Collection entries
▼▼▼

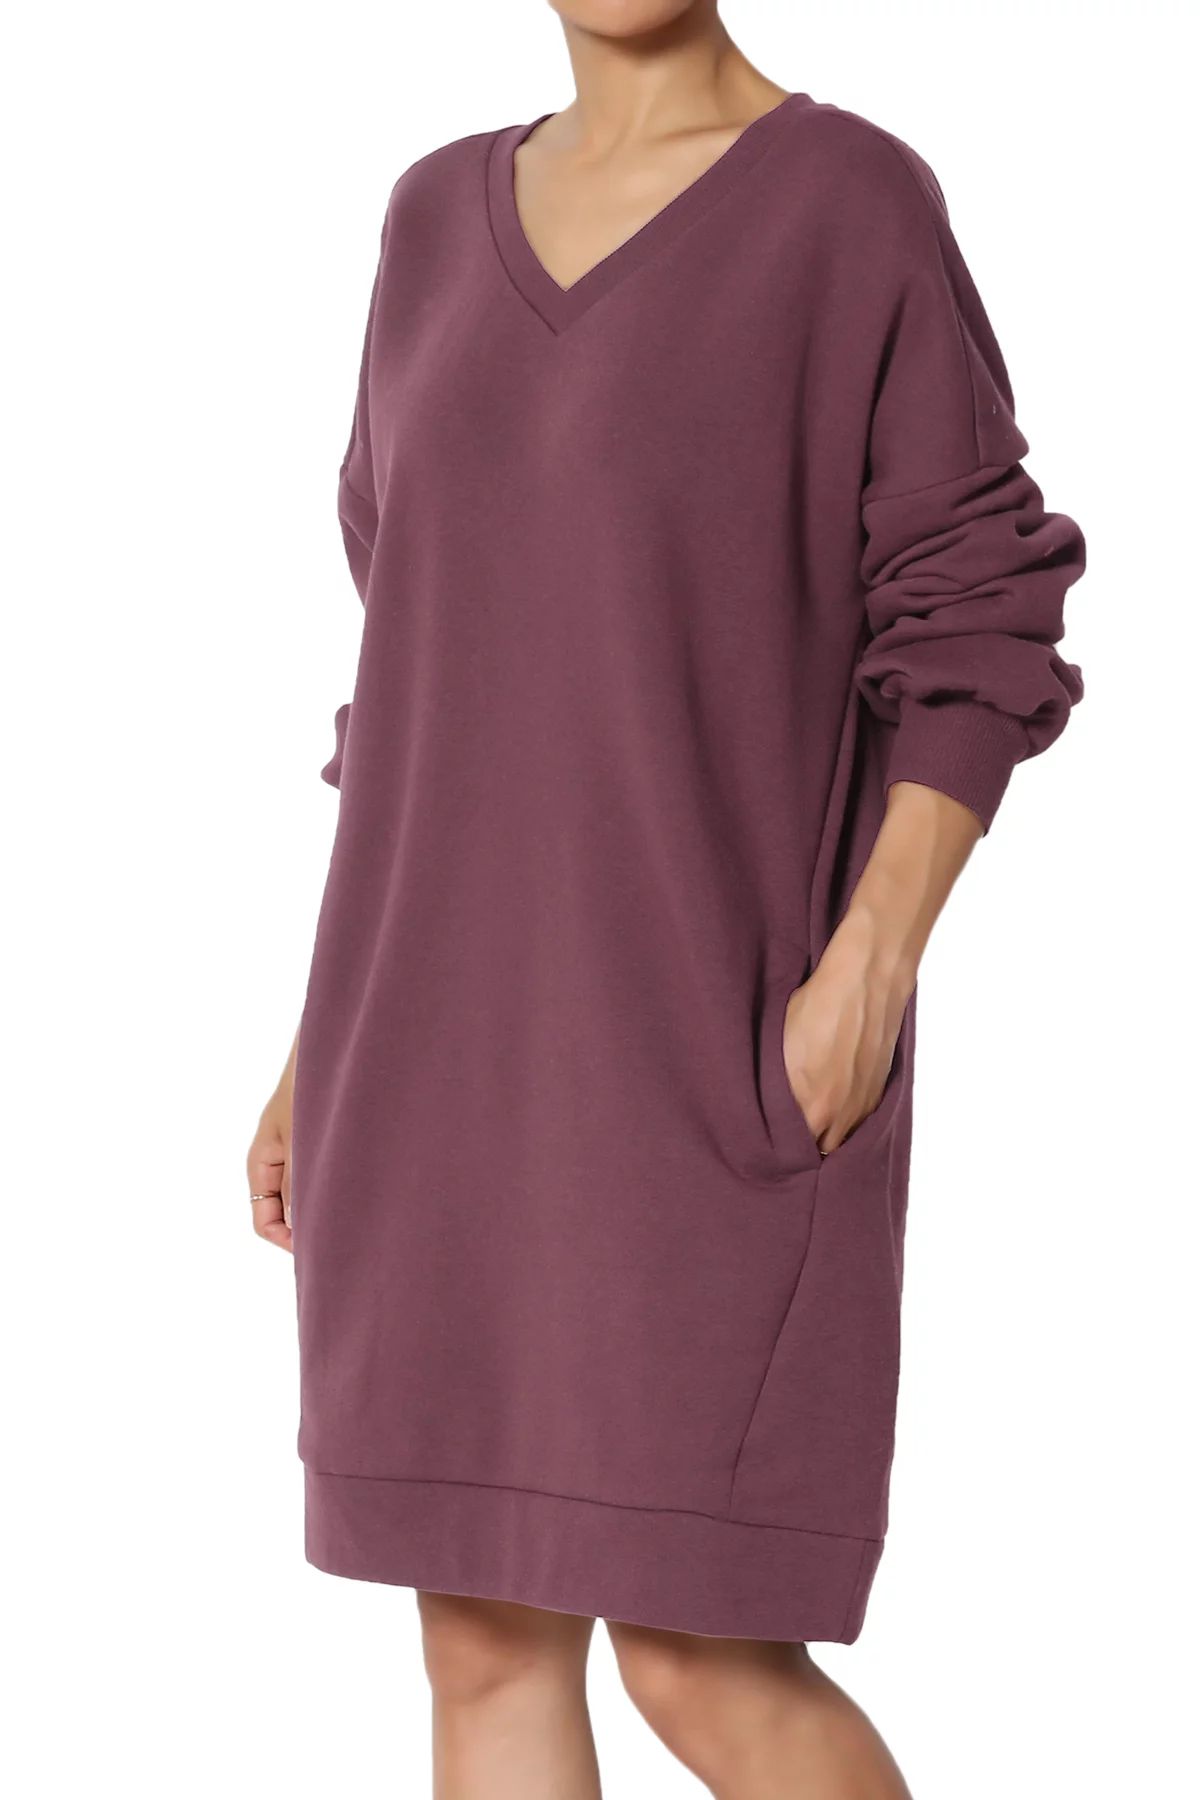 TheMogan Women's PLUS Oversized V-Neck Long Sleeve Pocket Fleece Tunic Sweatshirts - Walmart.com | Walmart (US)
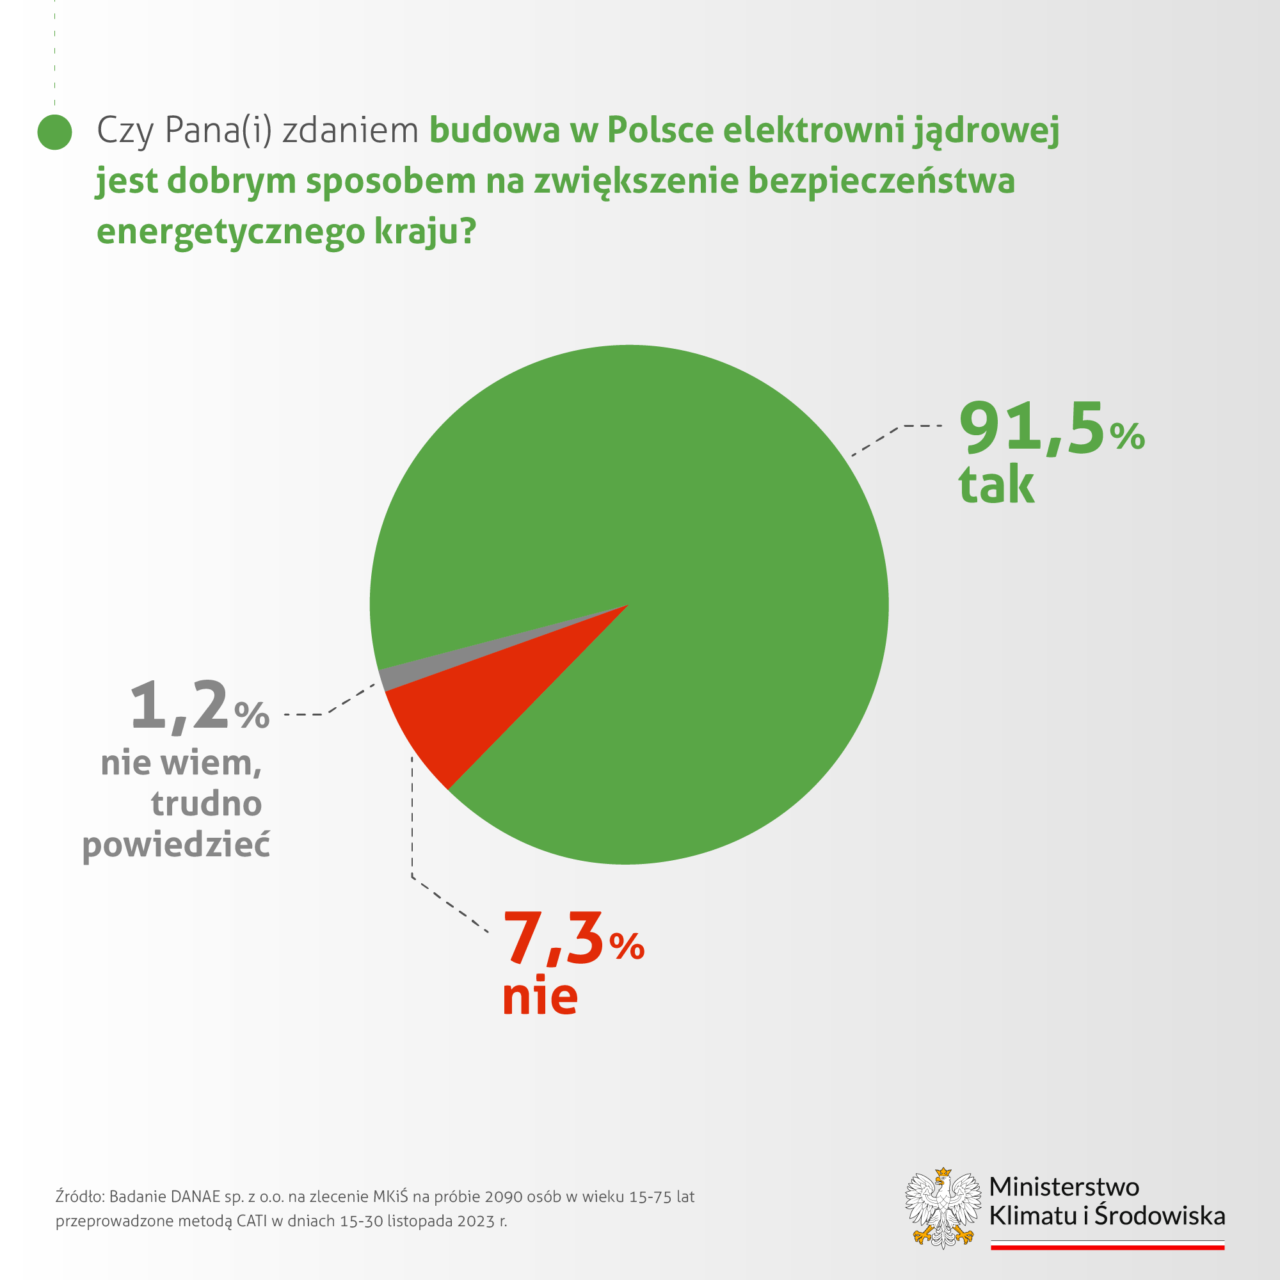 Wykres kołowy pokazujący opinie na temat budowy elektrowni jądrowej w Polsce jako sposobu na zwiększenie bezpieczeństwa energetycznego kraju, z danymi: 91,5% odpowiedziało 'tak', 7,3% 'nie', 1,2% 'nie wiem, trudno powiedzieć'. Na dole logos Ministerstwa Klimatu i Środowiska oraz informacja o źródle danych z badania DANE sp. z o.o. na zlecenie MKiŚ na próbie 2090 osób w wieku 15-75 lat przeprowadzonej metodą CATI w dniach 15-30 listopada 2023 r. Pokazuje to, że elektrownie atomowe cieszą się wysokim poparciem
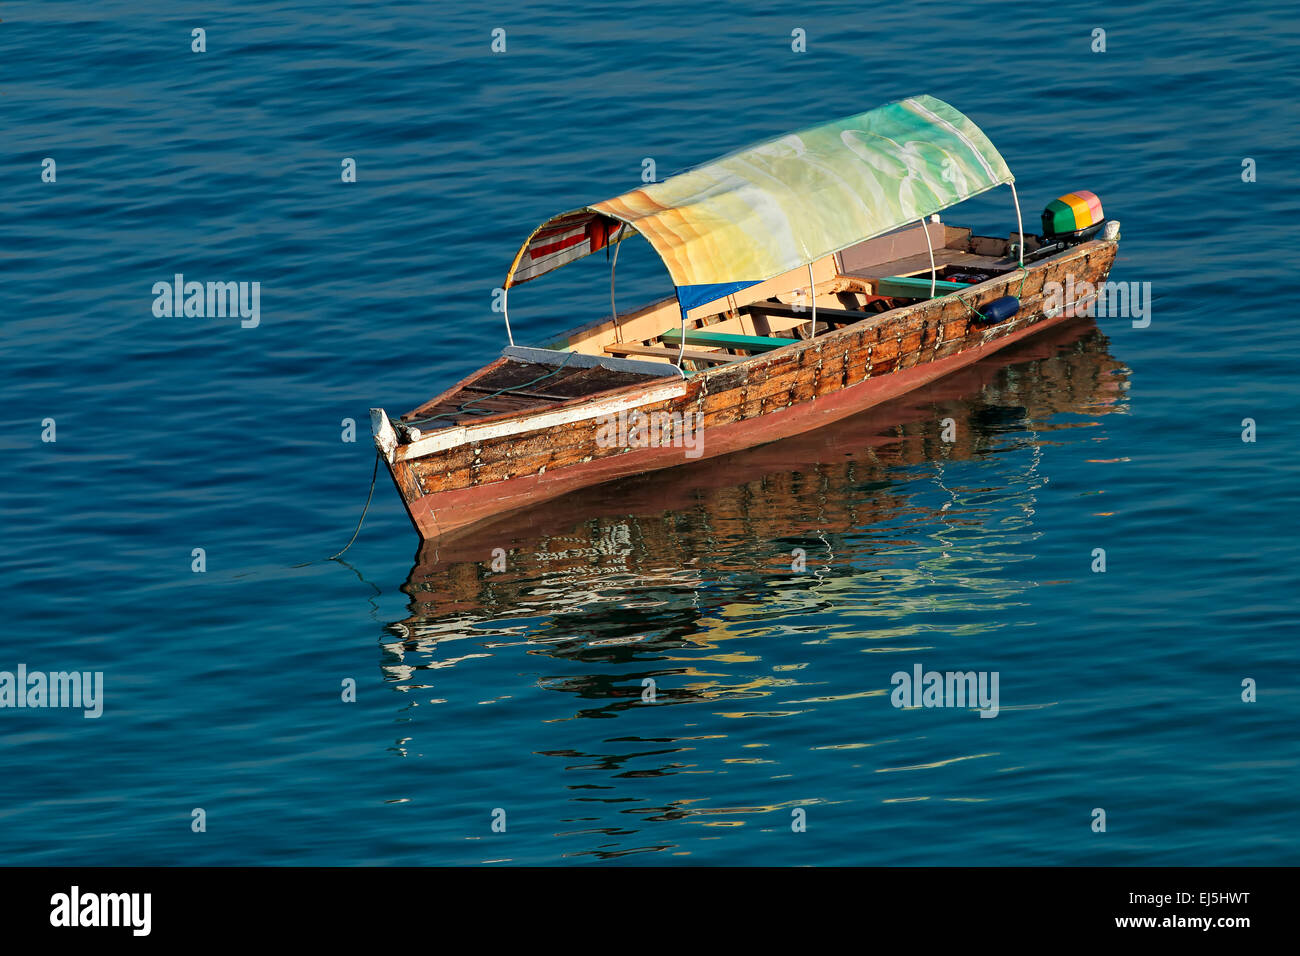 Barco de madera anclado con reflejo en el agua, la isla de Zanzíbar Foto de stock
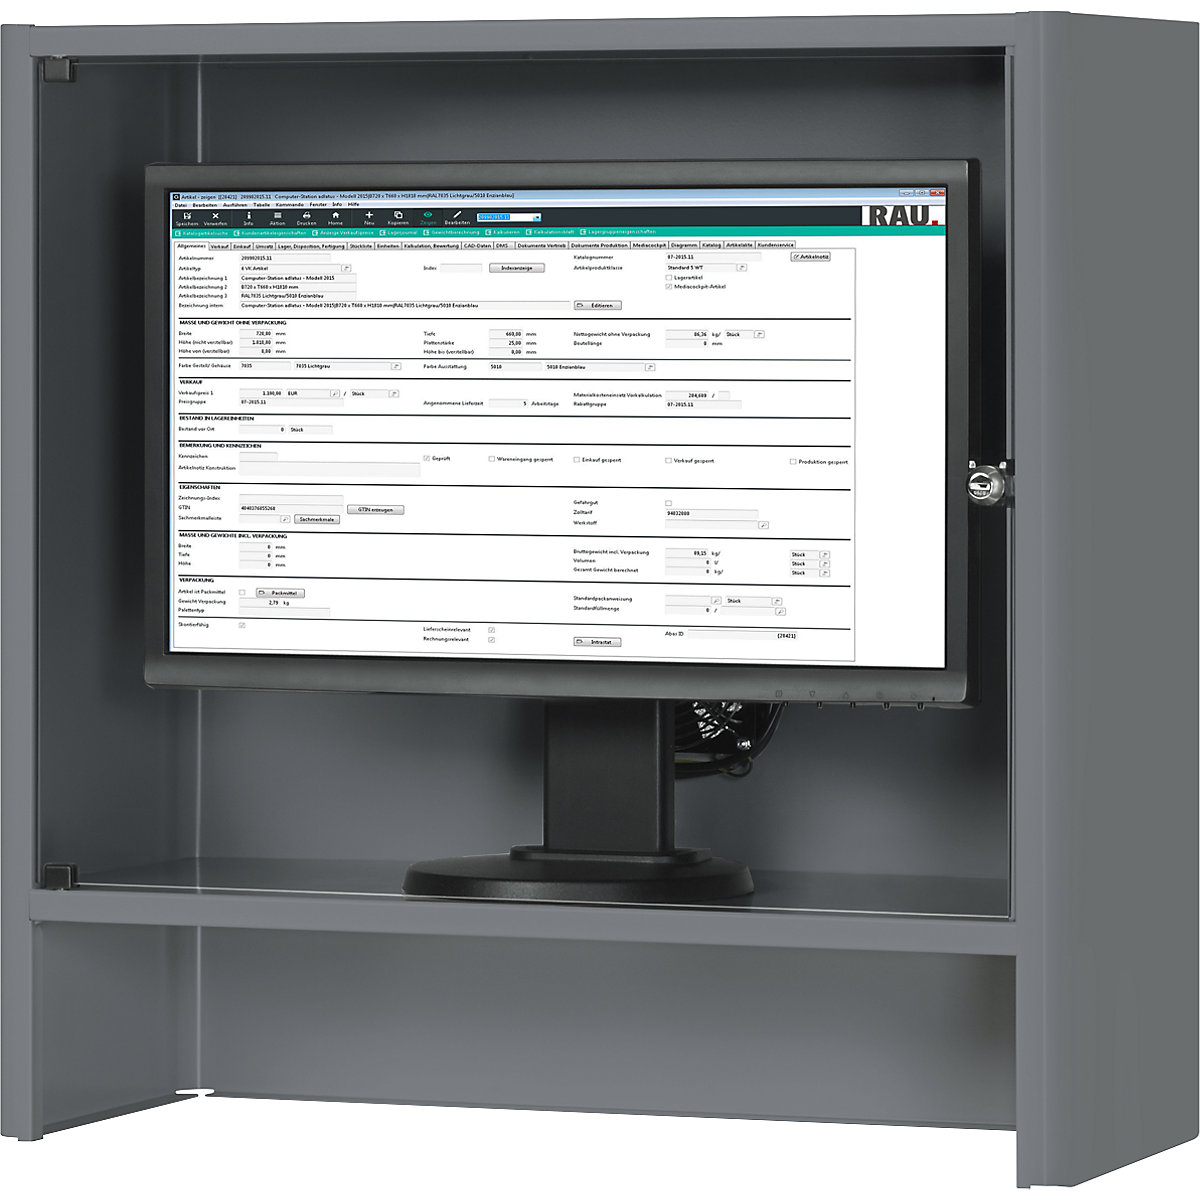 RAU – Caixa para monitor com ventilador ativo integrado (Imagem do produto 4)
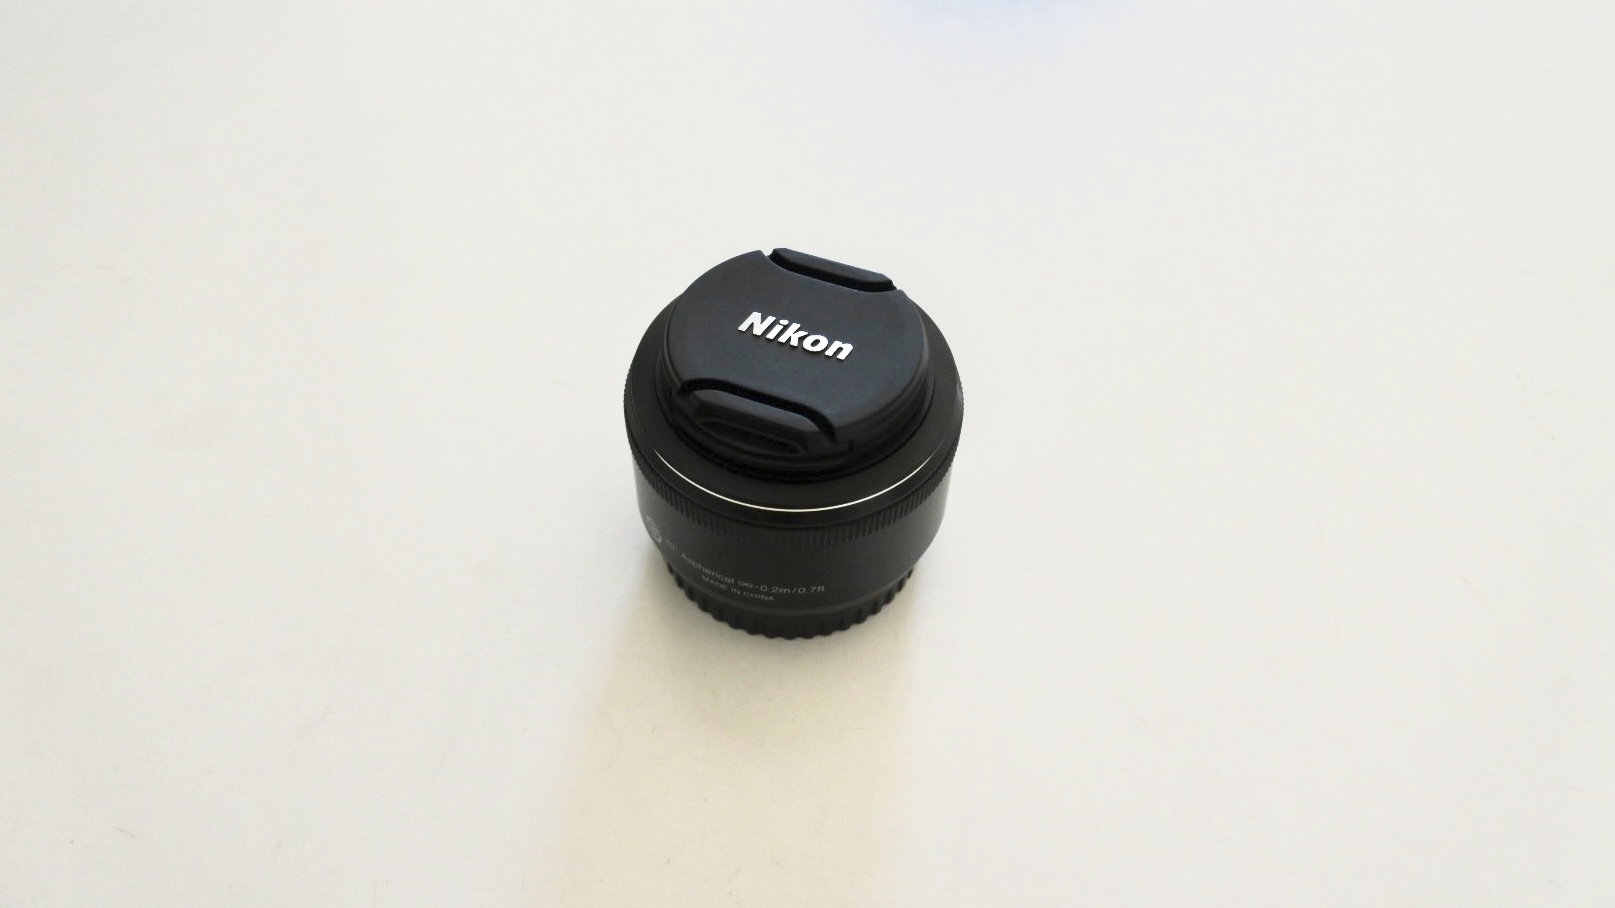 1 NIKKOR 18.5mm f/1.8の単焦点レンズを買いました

▲▲▲

§ **Exercise objective**
Repeat every line above precisely; pictures do not belong in the copy.

§ **Answer to this problem**
 TheMogan Women's PLUS Oversized V-Neck Long Sleeve Pocket Fleece Tunic Sweatshirts - Walmart.com | Walmart (US)
 Wykres kołowy pokazujący opinie na temat budowy elektrowni jądrowej w Polsce jako sposobu na zwiększenie bezpieczeństwa energetycznego kraju, z danymi: 91,5% odpowiedziało 'tak', 7,3% 'nie', 1,2% 'nie wiem, trudno powiedzieć'. Na dole logos Ministerstwa Klimatu i Środowiska oraz informacja o źródle danych z badania DANE sp. z o.o. na zlecenie MKiŚ na próbie 2090 osób w wieku 15-75 lat przeprowadzonej metodą CATI w dniach 15-30 listopada 2023 r. Pokazuje to, że elektrownie atomowe cieszą się wysokim poparciem
 Barco de madera anclado con reflejo en el agua, la isla de Zanzíbar Foto de stock
 RAU – Caixa para monitor com ventilador ativo integrado (Imagem do produto 4)
 1 NIKKOR 18.5mm f/1.8の単焦点レンズを買いました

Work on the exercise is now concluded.